SSA building homes across the border
More than one and a half years after agreement was reached in
Kengtung, between the Restoration Council of Shan State/Shan State Army
(RCSS/SSA) and Naypyitaw’s Union Peacemaking Work Committee (UPWC),
construction of the planned 200 homes for displaced families in Monghta
sub-township, opposite Chiangmai’s Wiang Haeng district has begun,
according to a SHAN reporter that visited the area last month.
The 200 homes on completion would add to the 40 homes already established there since early 2011, a few months after Monghta and its surrounding area were designated as a second sub-township of Mongton township. The other sub-township is Pongpakhem, opposite Chiangdao district, east of Wiang Haeng.
“It used to have hundreds of homes before the Kuomintang incursion in 1950,” a Shan who is now a naturalized citizen after fleeing into Thailand since. “It, together with Mongton and Pangpakhem, used to be part of the Mongpan princely state.”
It still had about 100 homes in 1994 during the late Khun Sa’s Mong Tai Army period.
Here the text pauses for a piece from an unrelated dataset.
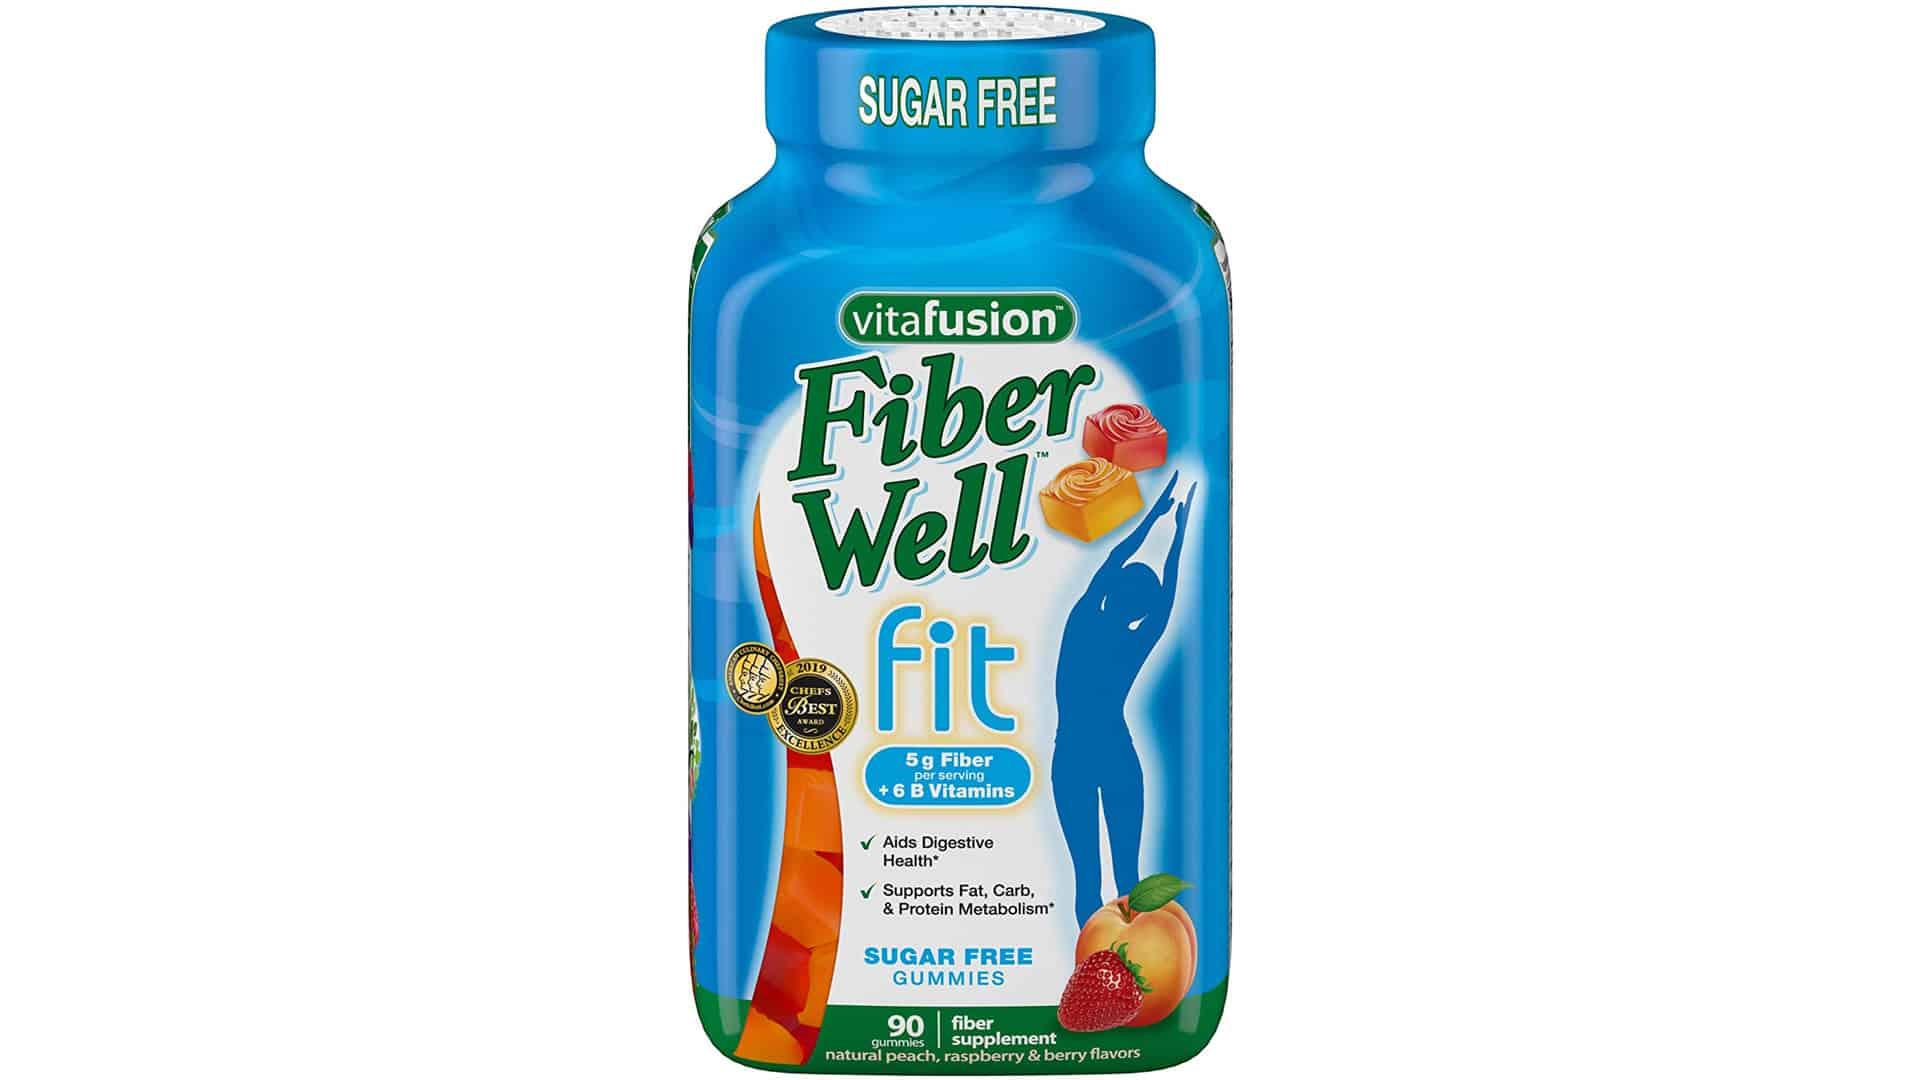 Vitafusion Fiber Well Fit Gummies Supplement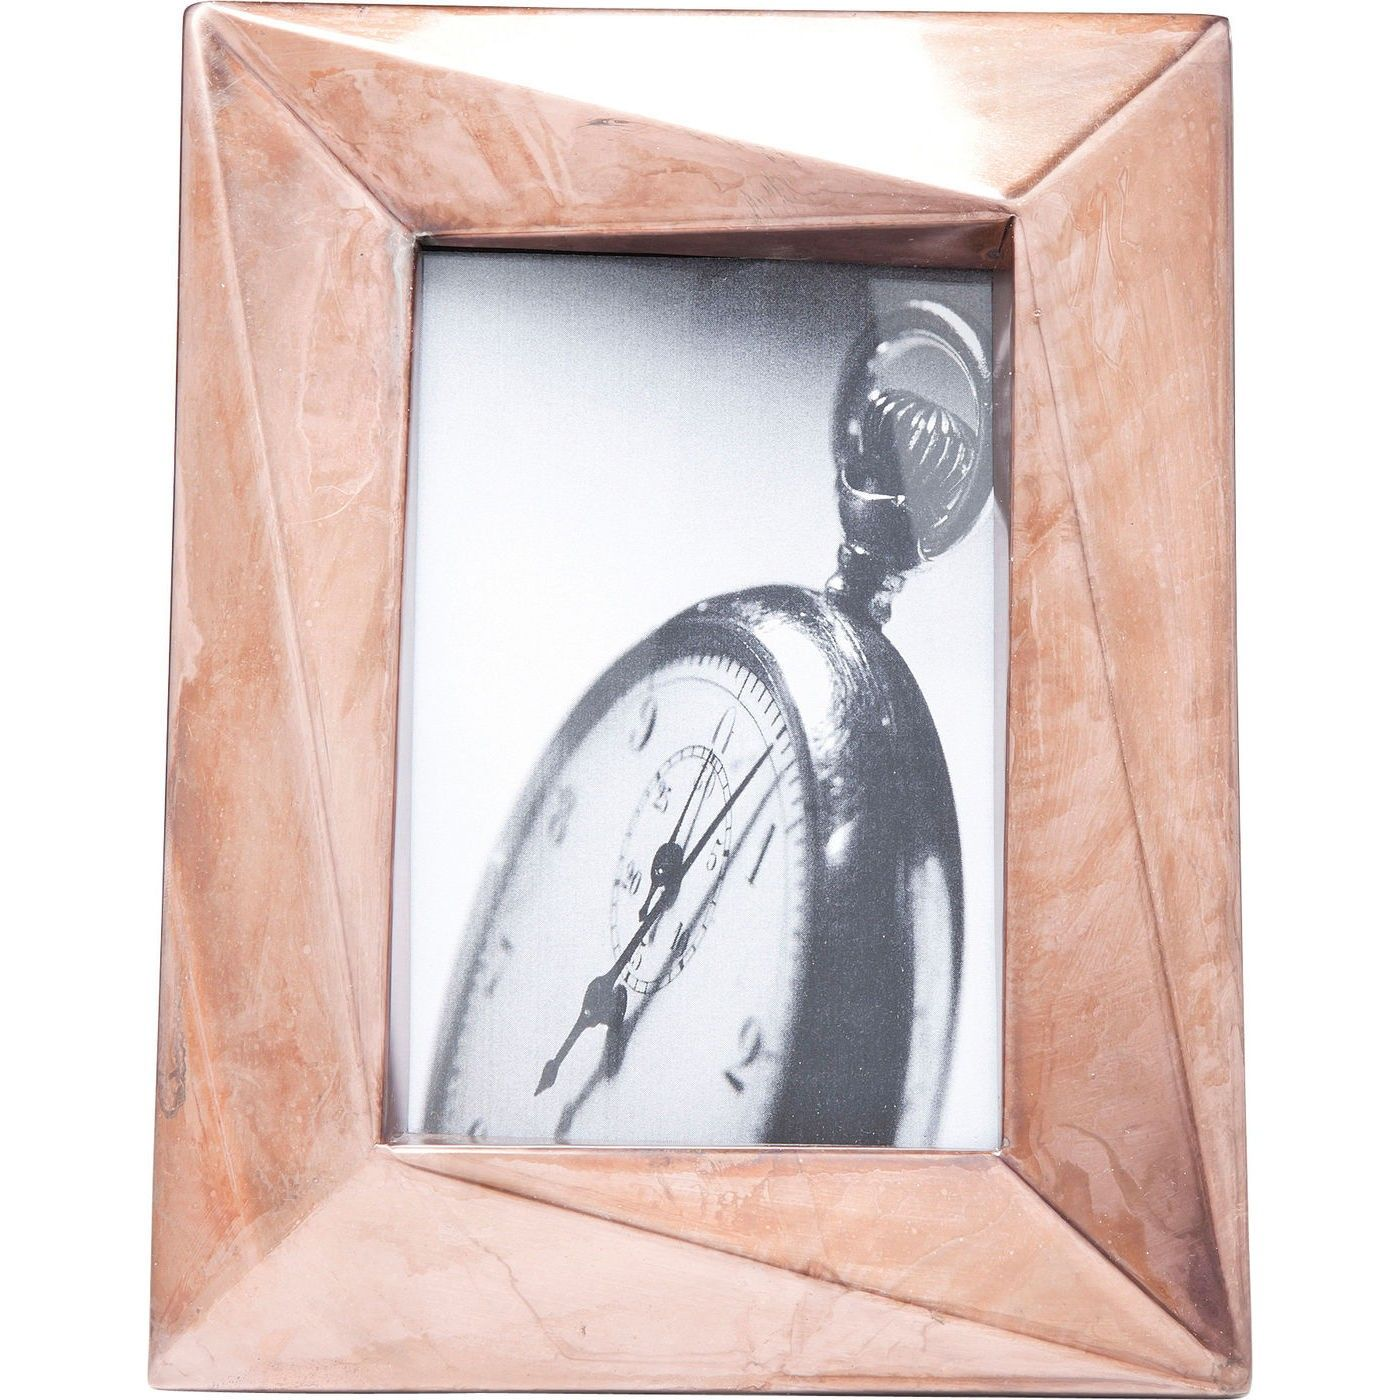 Rahmen Rifugio Copper 10x15cm | Walls | Pinterest | Rahmen

Armed conflict in the area had begun following declaration of Independence by Khun Sa, who used to be a militia leader under the control of the Burma Army.
“It was then that Sao Yawd Serk (then a major in the MTA and now the leader of the RCSS/SSA) became famous after his daring capture of the Burmese army stronghold at Loi Hin Kawng, near Mong Kyawd (some 25 miles east of Monghta),” the reporter remembered. “The Burma Army had to use bombers to dislodge him.”
The said battle and another one in 2002, following the MTA’s surrender, had devastated the area and by the end of 2010 when it became a sub-township there were less than 10 houses. “The Burma Army managed to bring in Lahus from Nakawngmu and Pongpakhem, with assurances that they would be allowed to grow poppies,” a local source told SHAN.
Mongton township, except for parts under the control of the United Wa State Army (UWSA), is known as a major opium producer in Shan State.
Monghta, about 25 miles north of the former border checkpoint of Lak Taeng, is also connected to Mongpan in the north, Nakawngmu in the east, Thailand’s Wiang Haeng in the south and Homong (former MTA headquarters) in the west.
“The Burmese officials told us a new bridge across the Salween at Ta Hsop Pard crossing would be constructed and completed within 3 years,” another visitor reported.
In the meantime, Chiangmai provincial officials have been pushing for the reopening of BP-1 (Boundary Pillar # 1) at Nawng Ook, connecting Chiangdao with Pongpakhem, and BP-2 (Boundary Pillar # 2, also known as Lak Taeng), connecting Monghta with Wiang Haeng.
The 12 point agreement signed between Naypyitaw and the RCSS/SSA on 19 May 2012 includes Point # 10- to establish an industrial zone in the Monghta area.